So today's post is more therapeutic for me than anything. Today is National Autism Awareness Day and that is such a great thing. I have a 5 year old brother who is affected by autism and I love that attention is finally being brought to the disease. Today started out pretty well, my husband wanted more than anything to go out on our boat fishing so like a little kid he woke me up bright and early raring to go. We went out for a few hours and didn't catch a thing, not even a bite. That's ok though because I knew he had fun. When we got back home I turned on the tv to notice that a special on autism was on and I definitely wanted to watch it. Today is about education and awareness after all and I am always looking for more information on the very thing that so deeply affects my little brothers life. After watching this show I found myself just that, totally aware. Aware to the fact that I have been so blind as to how much my brother is actually affected. Aware that he is so much worse than many other children labeled with autism. I found myself at one point saying to my husband, "gee, I wish James were as far along as this little boy". The majority of the show focused on the little boy when he was around ages 2 and 3. My little brother is nearly 5 and a half and he is much worse than this little boy at the age of 3. At least this child is verbal and you can communicate. How is it that they are focusing on the little boy and having him be the depiction of "autism"? I fear that people will see this special and think that autism isn't that bad because in my eyes this boy seems fairly normal. I find myself wondering how my brother will end up. How will he develop so that he can lead a somewhat normal life. I have been aware of the disease for a while now yet so unaware of the severity to which my brother is affected. Today is the first day I actually sat and cried thinking about my brothers future. I just sat there and cried, no, sobbed.

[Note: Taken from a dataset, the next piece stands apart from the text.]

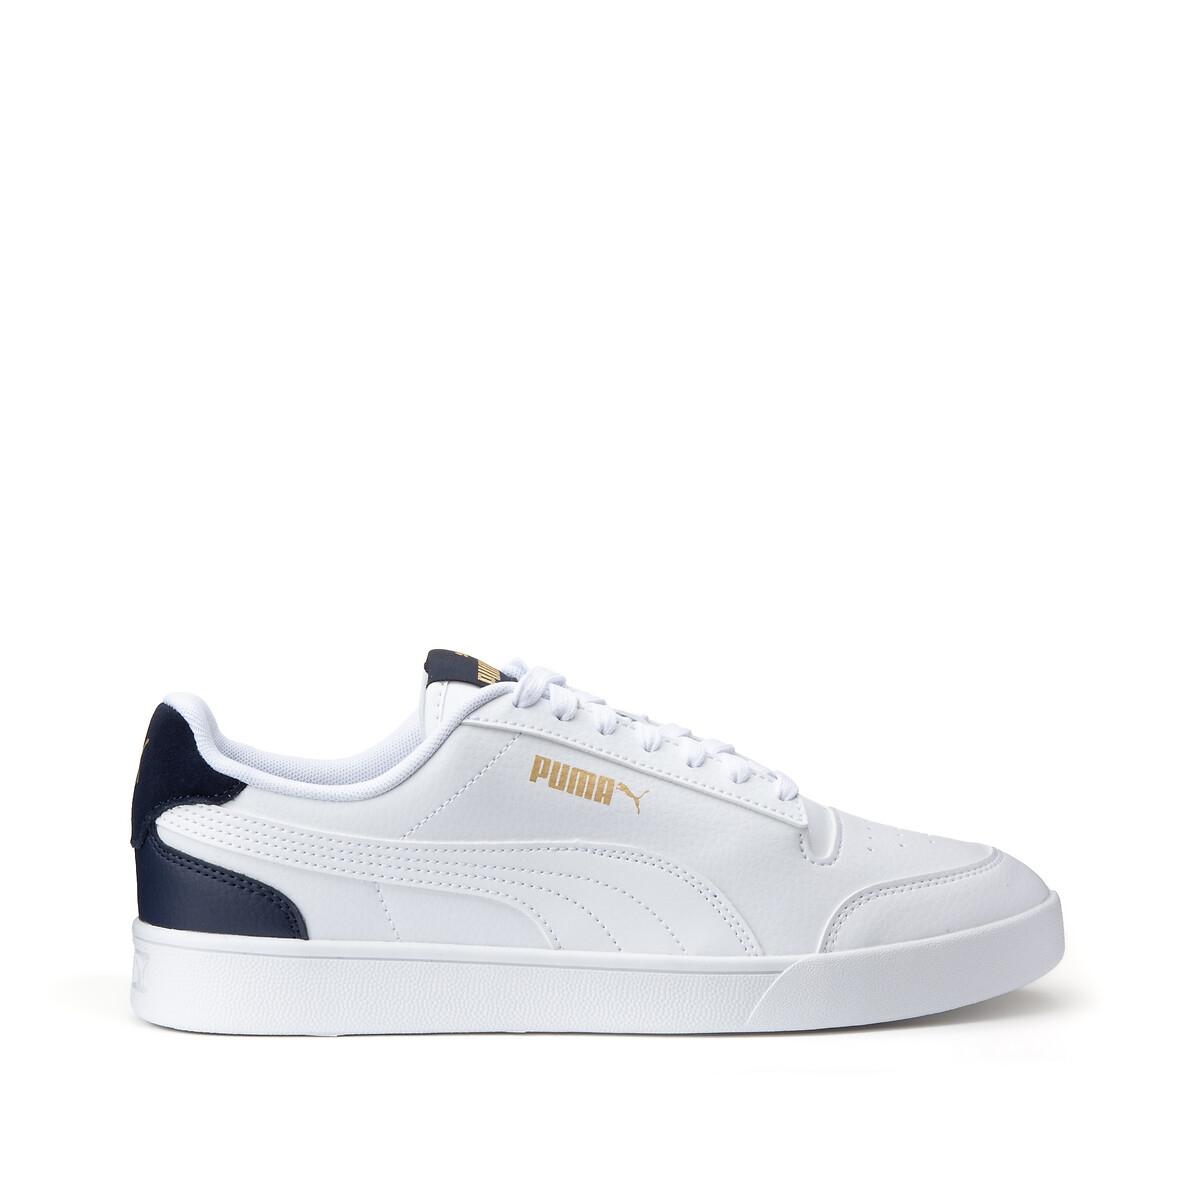 Puma Shuffle sneakers wit/donkerblauw/goud online kopen
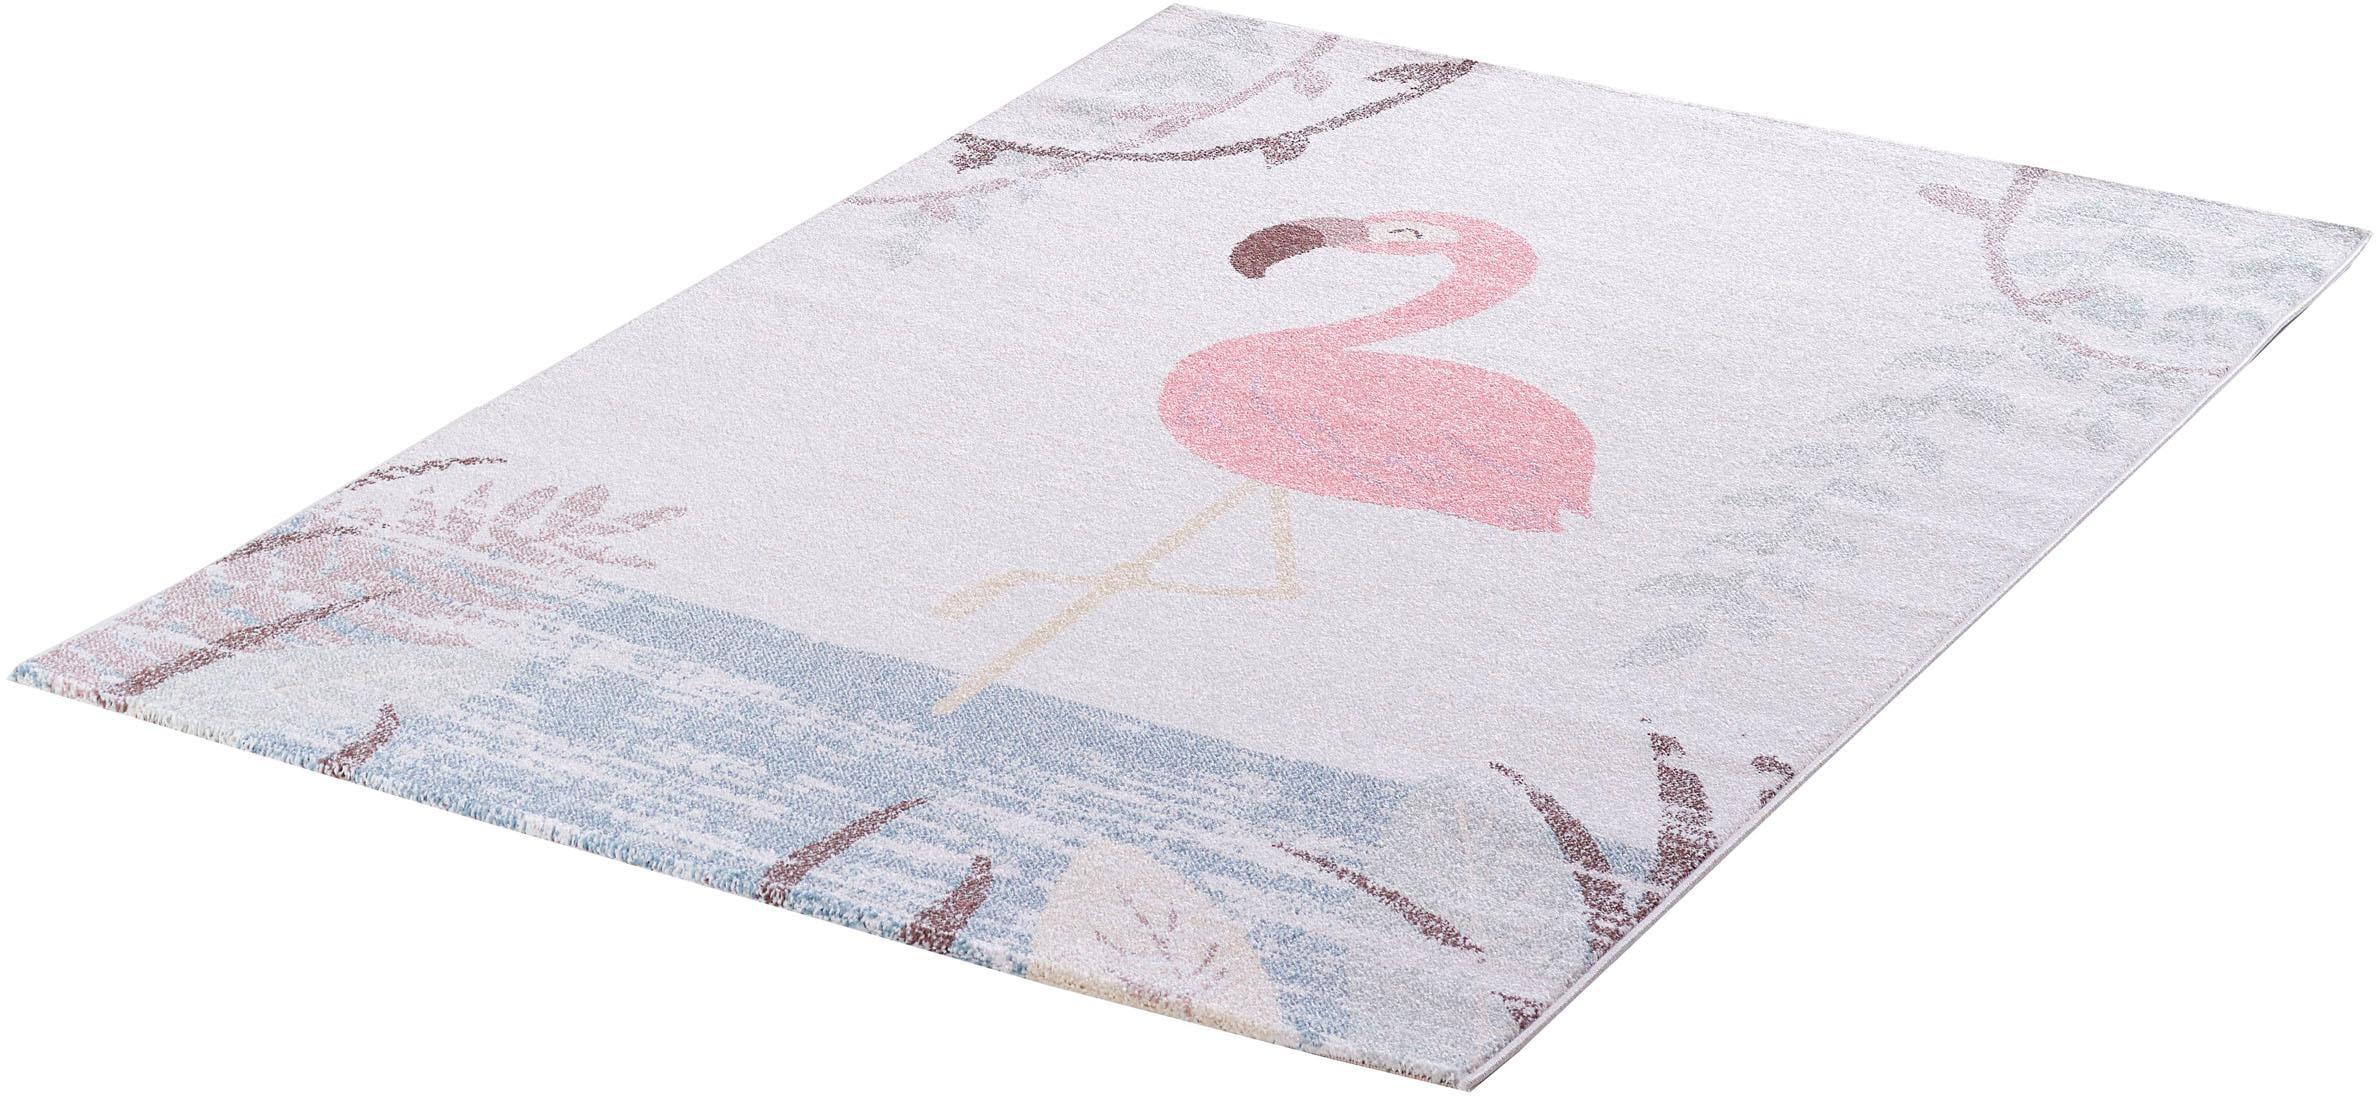 Kinderteppich Luna Kids 4610 Sanat Teppiche rechteckig Höhe 12 mm maschinell gewebt

On the other hand I do see the progress he is making and what he could become. He is so lucky to have my mother and step father there fighting for him. They work tirelessly everyday to get him the help he needs. Speech, OT, play therapy, swim therapy, or whatever else might work for him. I see my mother completely consumed everyday my his disease, consumed by research, treatment and just trying to manage day to day life. I don't know where he would be today without her there fighting for him every minute of everyday. She is truly an angel and I don't know how she manages to do what she does but she is a miracle worker.
April is National Autism Awareness Month and I urge everyone to get educated on this disease because it is so much on the rise. Next time you are out and you see a child misbehaving and you think to yourself, "what a brat, why can't they get their child under control?"... I want you to stop and think, maybe that child isn't a brat, maybe there is more there than I can see. You never know what the circumstances are and why that child is acting out. That child could be acting out because they are autistic and something very simple set them off. It could be that something is out of place, they don't like the color of the walls, or one of my brother triggers... Babies with pacifiers in their mouths.
So what's next? I pick myself up, put on my blue shirt in support of autism awareness day and move on with the day. You have to keep moving on and forward and pray. I pray that my mother and step father continue to have the strength to keep fighting and I pray that my brother will start to progress more. I pray for a treatment for this disease. I pray for the families so deeply affected by autism, and esspecially the ones effected even more so than mine because there are children that are much worse than my brother. Tomorrow is a new day and another opportunity for advances to be made.
I love my brother more than life and he is truly a blessing to our family!